**What you are asked to do**
Note how many lines in these entries contain "Photos", and reply with that number alone.

Entries taken from a collection
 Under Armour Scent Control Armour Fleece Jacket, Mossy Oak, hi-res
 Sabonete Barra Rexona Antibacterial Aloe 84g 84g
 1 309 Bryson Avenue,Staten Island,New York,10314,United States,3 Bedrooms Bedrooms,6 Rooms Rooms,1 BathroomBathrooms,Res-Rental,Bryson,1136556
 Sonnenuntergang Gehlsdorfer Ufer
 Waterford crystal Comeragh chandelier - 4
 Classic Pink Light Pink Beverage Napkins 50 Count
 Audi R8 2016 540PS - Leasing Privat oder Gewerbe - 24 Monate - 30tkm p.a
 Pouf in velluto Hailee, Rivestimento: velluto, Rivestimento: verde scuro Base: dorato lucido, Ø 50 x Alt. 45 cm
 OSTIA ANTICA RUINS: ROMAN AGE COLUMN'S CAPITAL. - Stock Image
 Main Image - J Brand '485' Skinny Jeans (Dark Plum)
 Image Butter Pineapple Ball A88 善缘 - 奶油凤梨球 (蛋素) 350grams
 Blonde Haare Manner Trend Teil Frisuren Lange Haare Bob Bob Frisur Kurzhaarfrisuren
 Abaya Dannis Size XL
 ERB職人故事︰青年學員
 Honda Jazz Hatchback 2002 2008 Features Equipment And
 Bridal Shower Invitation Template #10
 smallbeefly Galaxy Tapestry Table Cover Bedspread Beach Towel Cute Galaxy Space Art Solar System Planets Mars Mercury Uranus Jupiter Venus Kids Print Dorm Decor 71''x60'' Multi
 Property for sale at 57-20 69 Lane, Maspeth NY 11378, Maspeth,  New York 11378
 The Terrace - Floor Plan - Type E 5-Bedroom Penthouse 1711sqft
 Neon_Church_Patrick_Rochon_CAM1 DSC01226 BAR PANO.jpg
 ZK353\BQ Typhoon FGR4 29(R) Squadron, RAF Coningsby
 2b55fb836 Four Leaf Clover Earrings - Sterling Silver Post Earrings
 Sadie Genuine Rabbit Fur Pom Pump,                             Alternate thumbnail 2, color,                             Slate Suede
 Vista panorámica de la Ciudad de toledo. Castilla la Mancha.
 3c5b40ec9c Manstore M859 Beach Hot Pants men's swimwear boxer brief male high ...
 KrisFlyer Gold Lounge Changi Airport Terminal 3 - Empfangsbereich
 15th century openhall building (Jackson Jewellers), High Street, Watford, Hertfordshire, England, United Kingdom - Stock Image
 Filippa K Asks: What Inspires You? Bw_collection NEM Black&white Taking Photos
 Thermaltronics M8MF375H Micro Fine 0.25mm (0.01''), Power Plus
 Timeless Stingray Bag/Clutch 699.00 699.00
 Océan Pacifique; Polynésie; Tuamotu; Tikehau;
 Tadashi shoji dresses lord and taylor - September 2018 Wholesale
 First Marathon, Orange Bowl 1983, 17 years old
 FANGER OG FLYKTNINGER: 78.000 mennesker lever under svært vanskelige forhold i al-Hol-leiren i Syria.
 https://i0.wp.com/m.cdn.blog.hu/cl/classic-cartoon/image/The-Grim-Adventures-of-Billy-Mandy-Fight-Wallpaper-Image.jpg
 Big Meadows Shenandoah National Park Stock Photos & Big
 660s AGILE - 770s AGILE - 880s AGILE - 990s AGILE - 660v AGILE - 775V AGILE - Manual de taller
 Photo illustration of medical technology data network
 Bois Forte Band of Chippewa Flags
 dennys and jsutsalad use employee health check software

**Exercise response**
2